Meanwhile, Brad Fritsch, Graham DeLaet, Stephen Ames, and Mike Weir missed the cut in Phoenix. Still, they are off to promising starts. Fritsch, a 35-year-old PGA Tour rookie, has made $184,200 in four starts. He's made three of four cuts and tied for ninth at the Farmers Insurance Open, where he won $146,400; he's 43rd on the money list. DeLaet tied for ninth there as well. He's 54th with $157,824, and has made two of four cuts. Ames missed the cut in Phoenix and at the Humana Challenge in La Quinta, Calif., the week before. But the 48-year-old posted a T-20 and a T-37 in his first two tournaments. He's won $83,067 and is 91st on the money list.

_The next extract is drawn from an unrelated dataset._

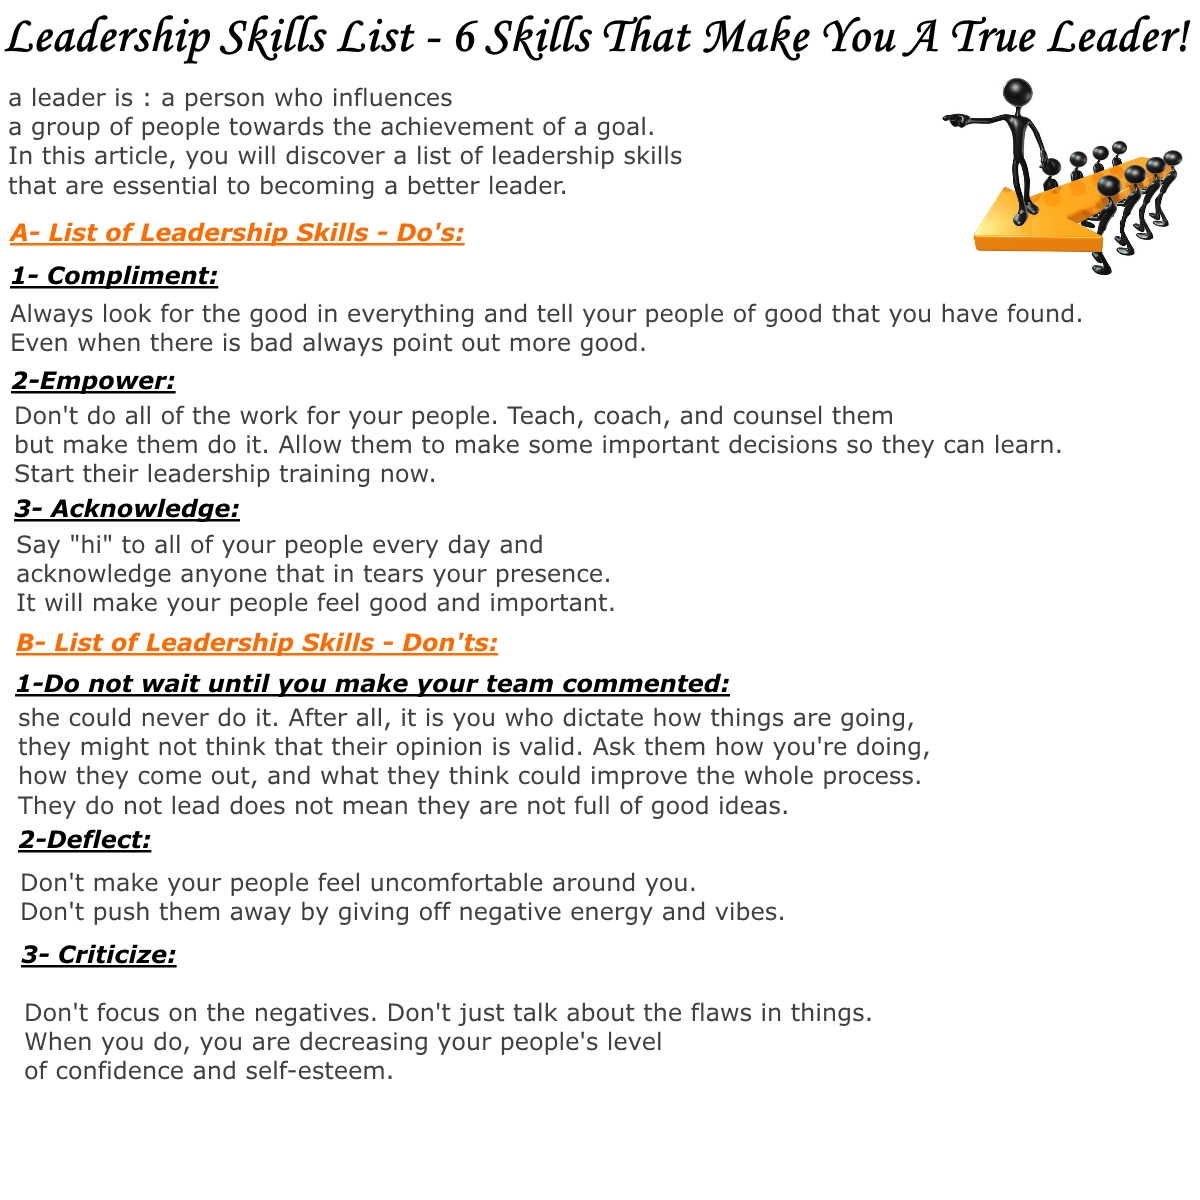 list some skills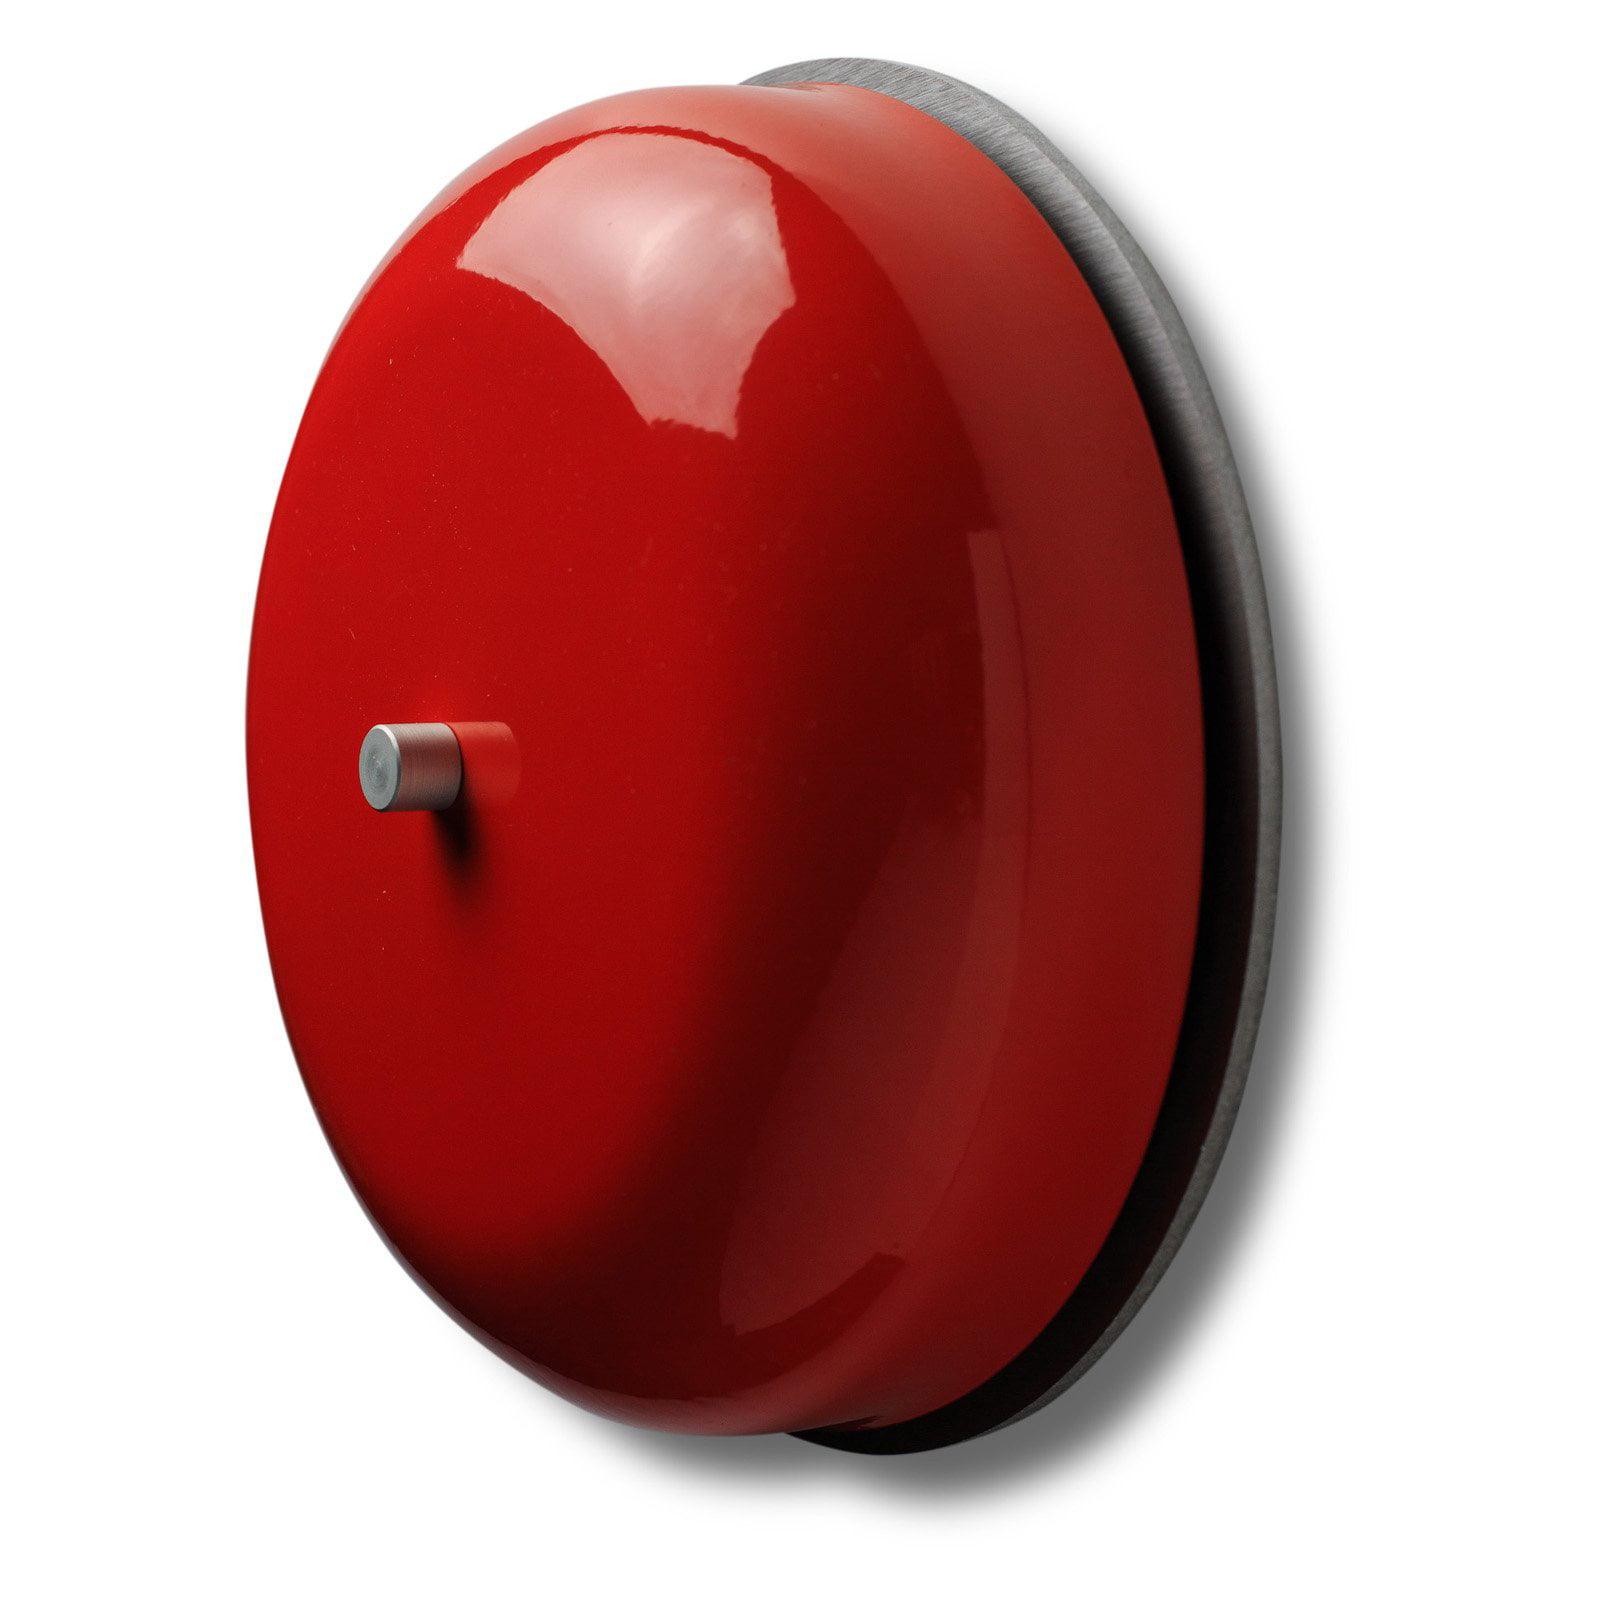 Spore Big Ring Doorbell Chime

As for Mike Weir, he's made the cut in one of four tournaments this year. But he's made some progress as he tries to drill his way out of a deep hole and find some confidence. Weir, 42, has played 11 rounds and posted five scores in the 60s, and he did make that one cut at the Farmers Insurance Open, where he tied for 68th. It was the first cut he's made in 19 tournaments, so that was a positive step. Weir and Fritsch are the only Canadians playing this week's AT&T Pebble Beach National Pro-Am. Weir has quite a record at the AT&T, with five top-five finishes. He was second in 2005 and 2009, T-3 in 2003, T-4 in 2004, and T-3 in 2006. Weir is approaching the 10th anniversary of his 2003 Masters win. Get set for many looks back at his win there. A half-hour documentary to be shown on Canadian television about his victory is also in the works, and could be green-lighted as early as today.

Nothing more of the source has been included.